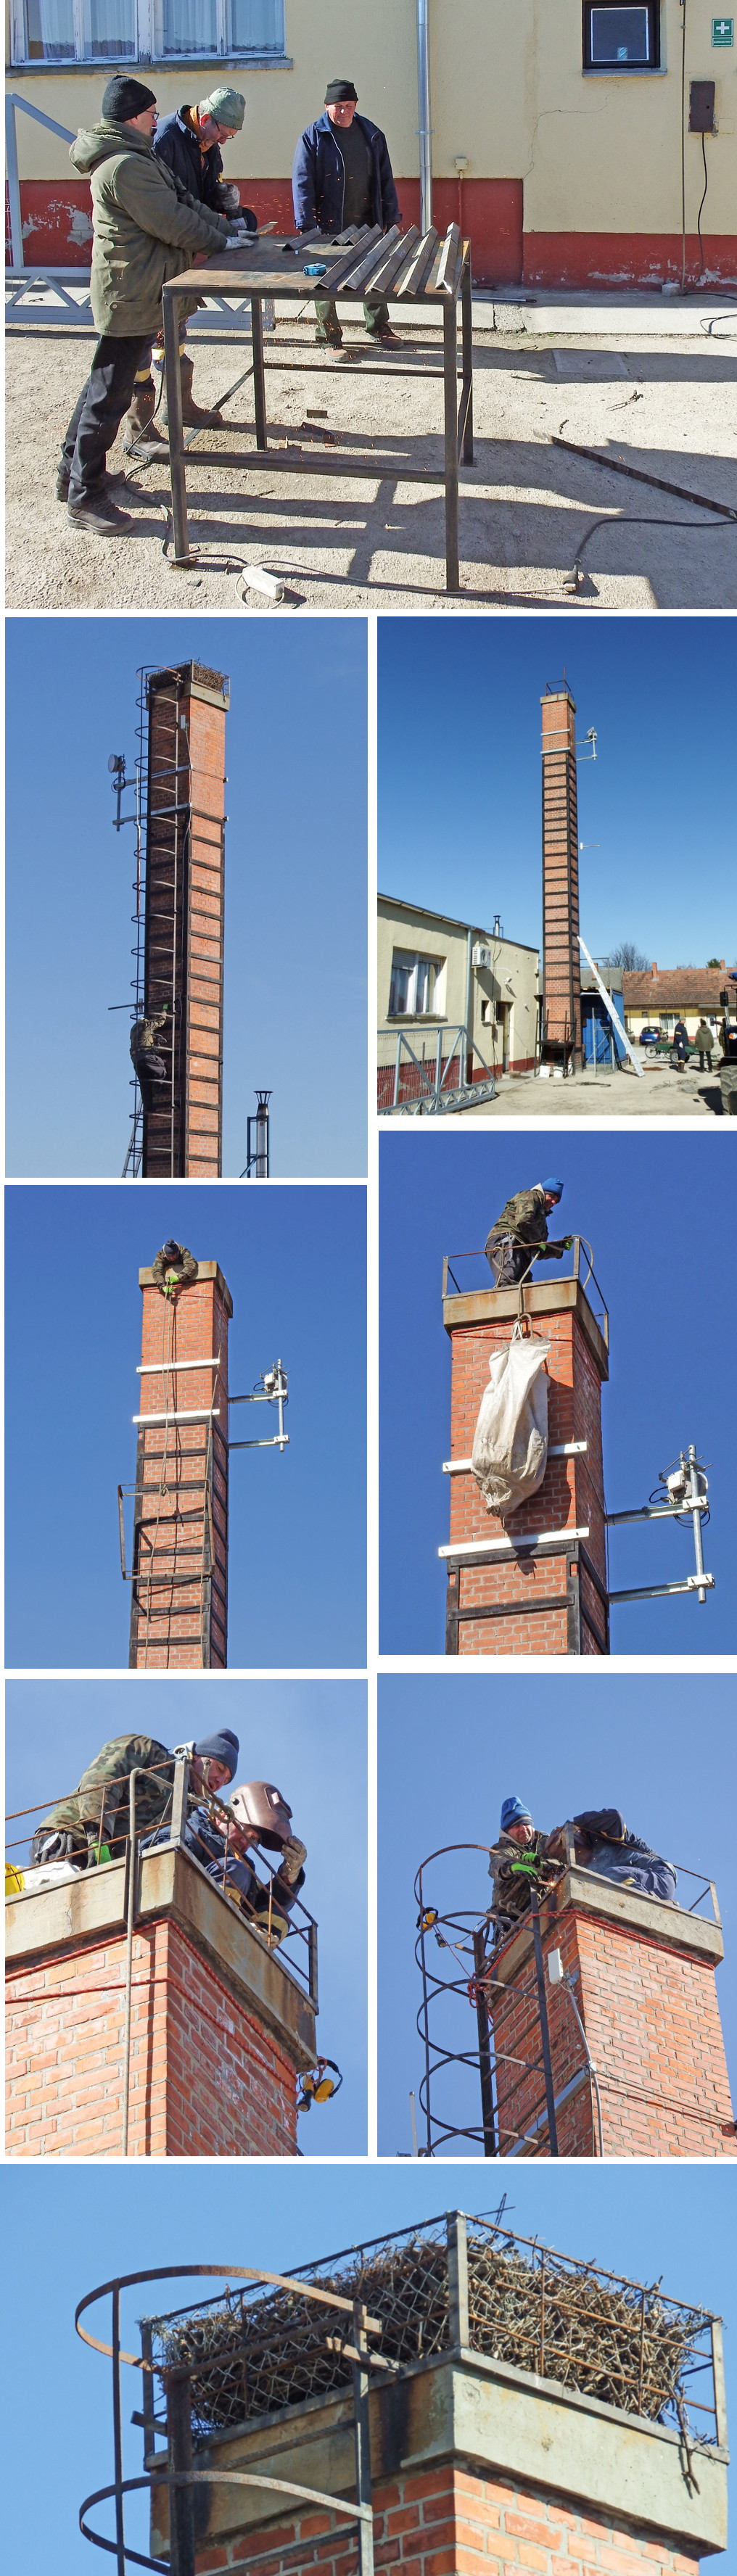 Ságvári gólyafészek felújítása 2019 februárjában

==

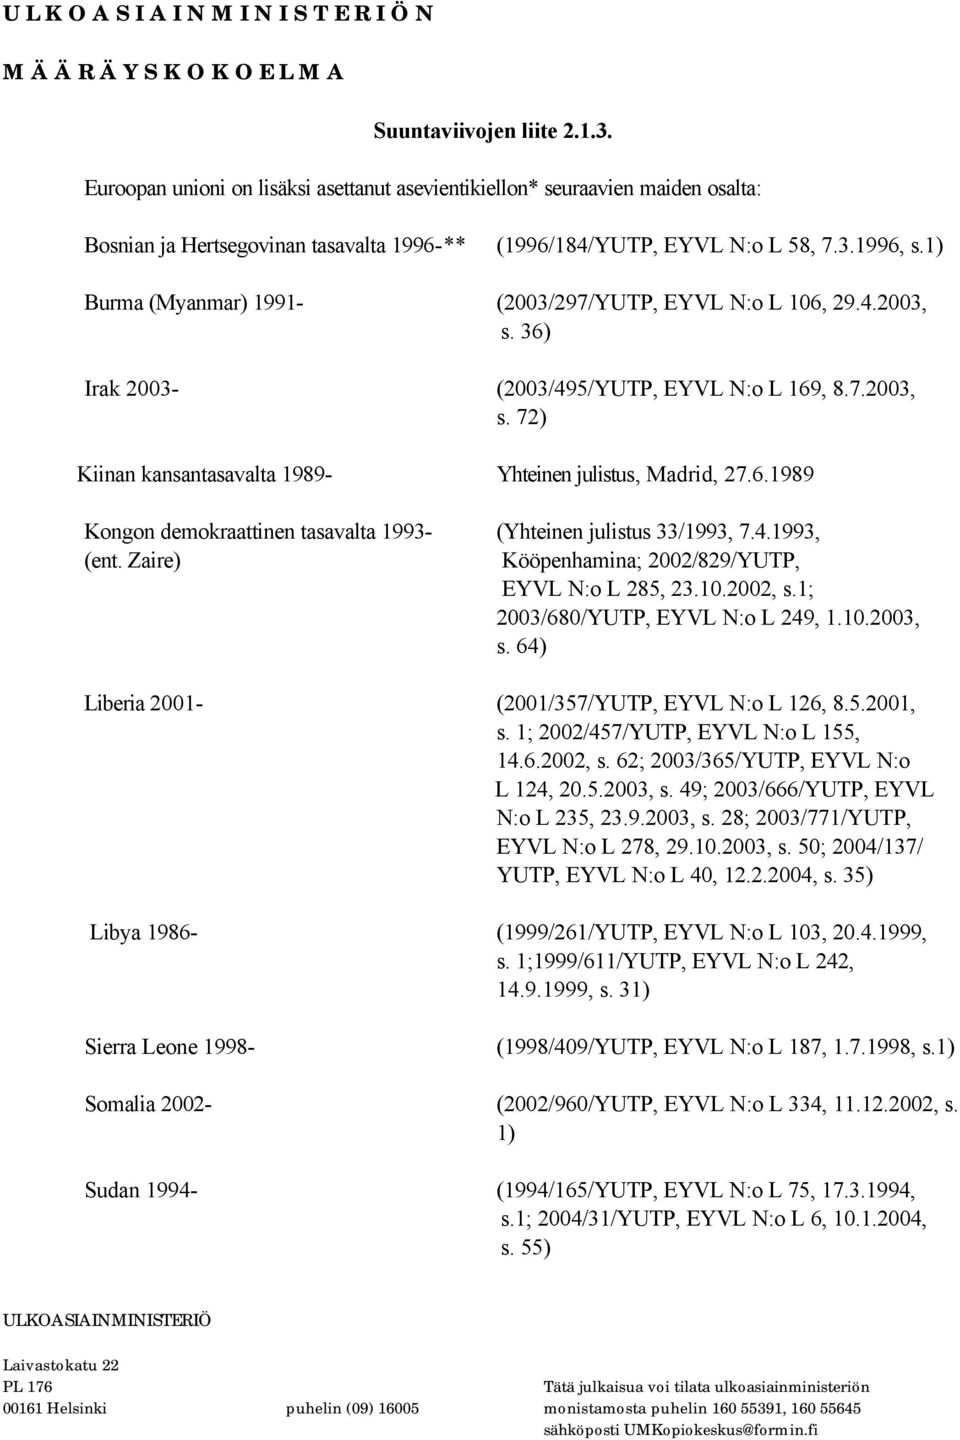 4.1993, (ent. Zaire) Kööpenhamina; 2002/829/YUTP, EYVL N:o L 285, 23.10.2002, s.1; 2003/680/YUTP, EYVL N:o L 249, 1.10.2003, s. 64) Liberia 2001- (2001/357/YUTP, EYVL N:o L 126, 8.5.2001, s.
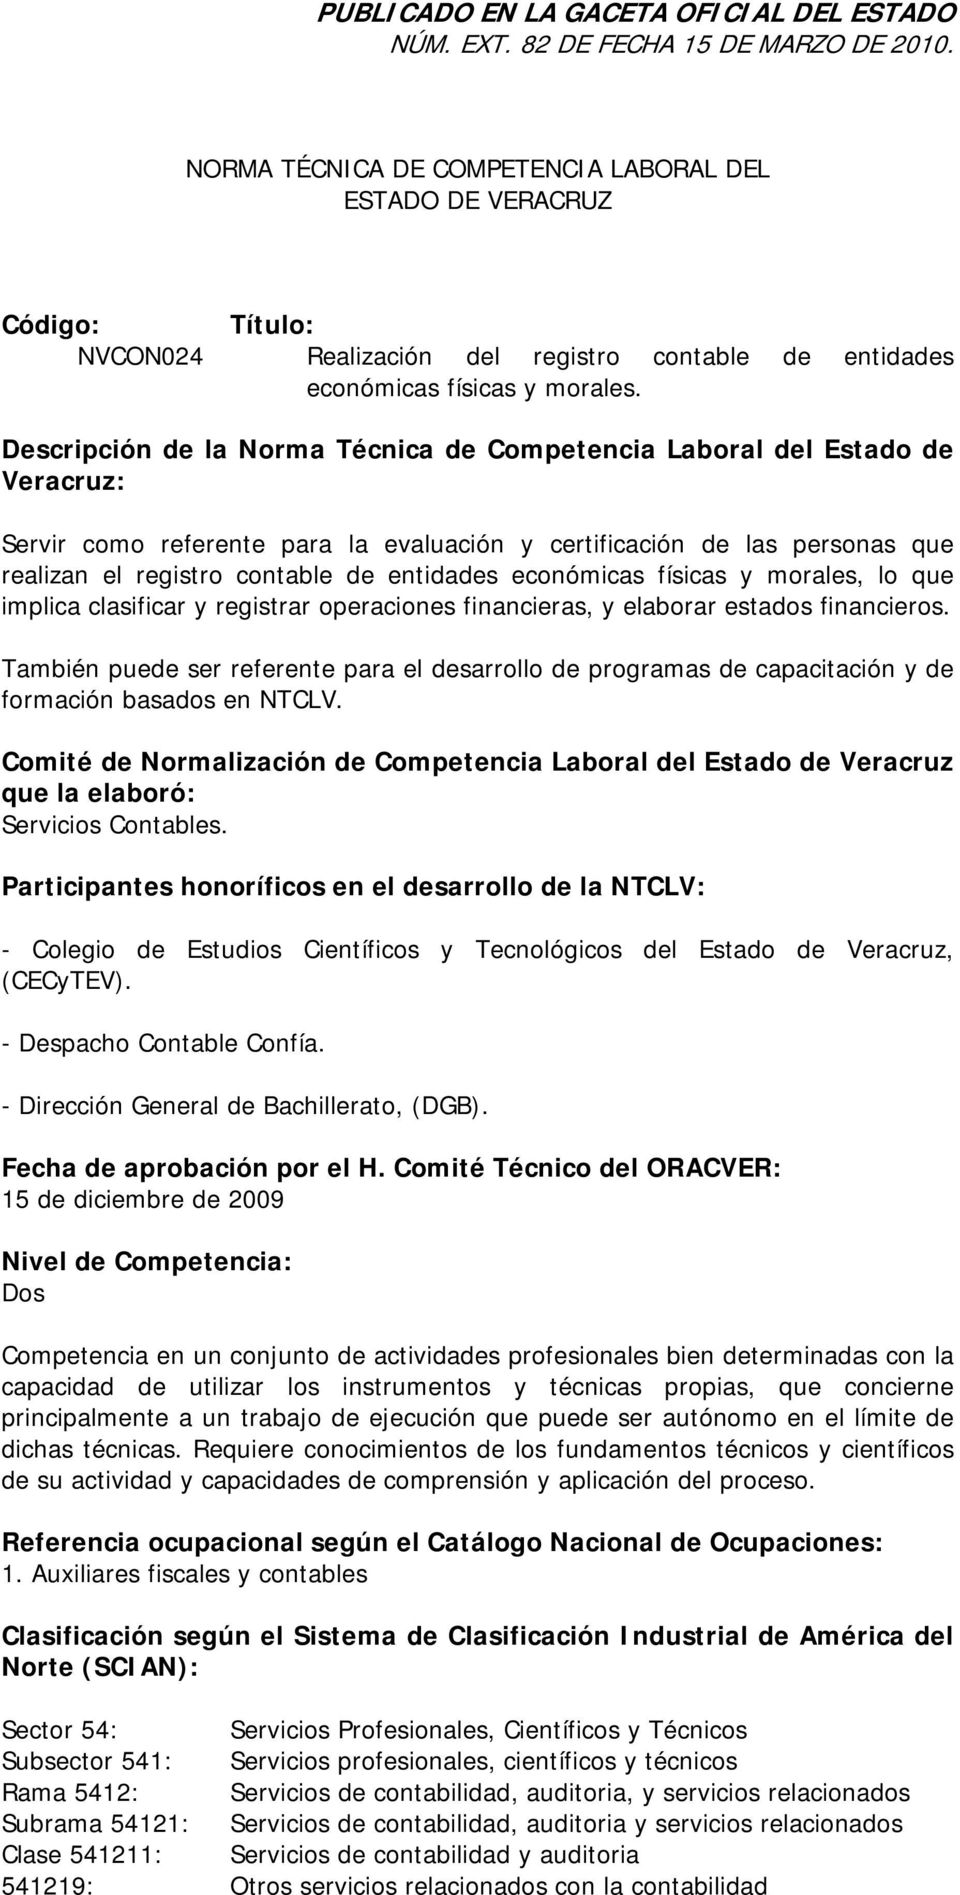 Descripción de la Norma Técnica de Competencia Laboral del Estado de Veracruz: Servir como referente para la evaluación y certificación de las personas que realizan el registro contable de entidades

* * *

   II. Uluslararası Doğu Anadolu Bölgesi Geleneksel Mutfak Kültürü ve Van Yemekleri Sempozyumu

## Prompt
Copy exactly, without pictures, the lines above from the one with "4.1993, (ent. Zaire)" down to the one with "Descripción de la", inclusive.

## Result of the exercise
 4.1993, (ent. Zaire) Kööpenhamina; 2002/829/YUTP, EYVL N:o L 285, 23.10.2002, s.1; 2003/680/YUTP, EYVL N:o L 249, 1.10.2003, s. 64) Liberia 2001- (2001/357/YUTP, EYVL N:o L 126, 8.5.2001, s.
 Descripción de la Norma Técnica de Competencia Laboral del Estado de Veracruz: Servir como referente para la evaluación y certificación de las personas que realizan el registro contable de entidades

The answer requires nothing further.